[Entries supplied]:
● ● ● ●

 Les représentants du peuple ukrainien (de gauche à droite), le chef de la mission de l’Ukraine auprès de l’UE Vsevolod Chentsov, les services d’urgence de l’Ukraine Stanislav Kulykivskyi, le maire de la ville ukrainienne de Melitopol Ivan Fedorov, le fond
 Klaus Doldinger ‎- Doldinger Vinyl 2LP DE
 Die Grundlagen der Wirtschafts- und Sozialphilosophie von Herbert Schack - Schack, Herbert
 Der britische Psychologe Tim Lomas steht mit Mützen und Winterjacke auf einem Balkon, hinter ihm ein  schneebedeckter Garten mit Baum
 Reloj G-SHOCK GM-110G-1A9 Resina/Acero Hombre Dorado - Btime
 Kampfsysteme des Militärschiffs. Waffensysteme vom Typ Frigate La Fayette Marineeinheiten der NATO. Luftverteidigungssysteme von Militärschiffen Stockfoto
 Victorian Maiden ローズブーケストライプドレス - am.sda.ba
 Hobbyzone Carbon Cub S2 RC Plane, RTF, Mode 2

● ● ● ●

[Exercise description]:
Please output an exact copy of the lines above, from the opening line of the data down to the line that contains "Victorian Maiden ローズブーケストライプドレス - am.sda.ba".

[Output for this exercise]:
 Les représentants du peuple ukrainien (de gauche à droite), le chef de la mission de l’Ukraine auprès de l’UE Vsevolod Chentsov, les services d’urgence de l’Ukraine Stanislav Kulykivskyi, le maire de la ville ukrainienne de Melitopol Ivan Fedorov, le fond
 Klaus Doldinger ‎- Doldinger Vinyl 2LP DE
 Die Grundlagen der Wirtschafts- und Sozialphilosophie von Herbert Schack - Schack, Herbert
 Der britische Psychologe Tim Lomas steht mit Mützen und Winterjacke auf einem Balkon, hinter ihm ein  schneebedeckter Garten mit Baum
 Reloj G-SHOCK GM-110G-1A9 Resina/Acero Hombre Dorado - Btime
 Kampfsysteme des Militärschiffs. Waffensysteme vom Typ Frigate La Fayette Marineeinheiten der NATO. Luftverteidigungssysteme von Militärschiffen Stockfoto
 Victorian Maiden ローズブーケストライプドレス - am.sda.ba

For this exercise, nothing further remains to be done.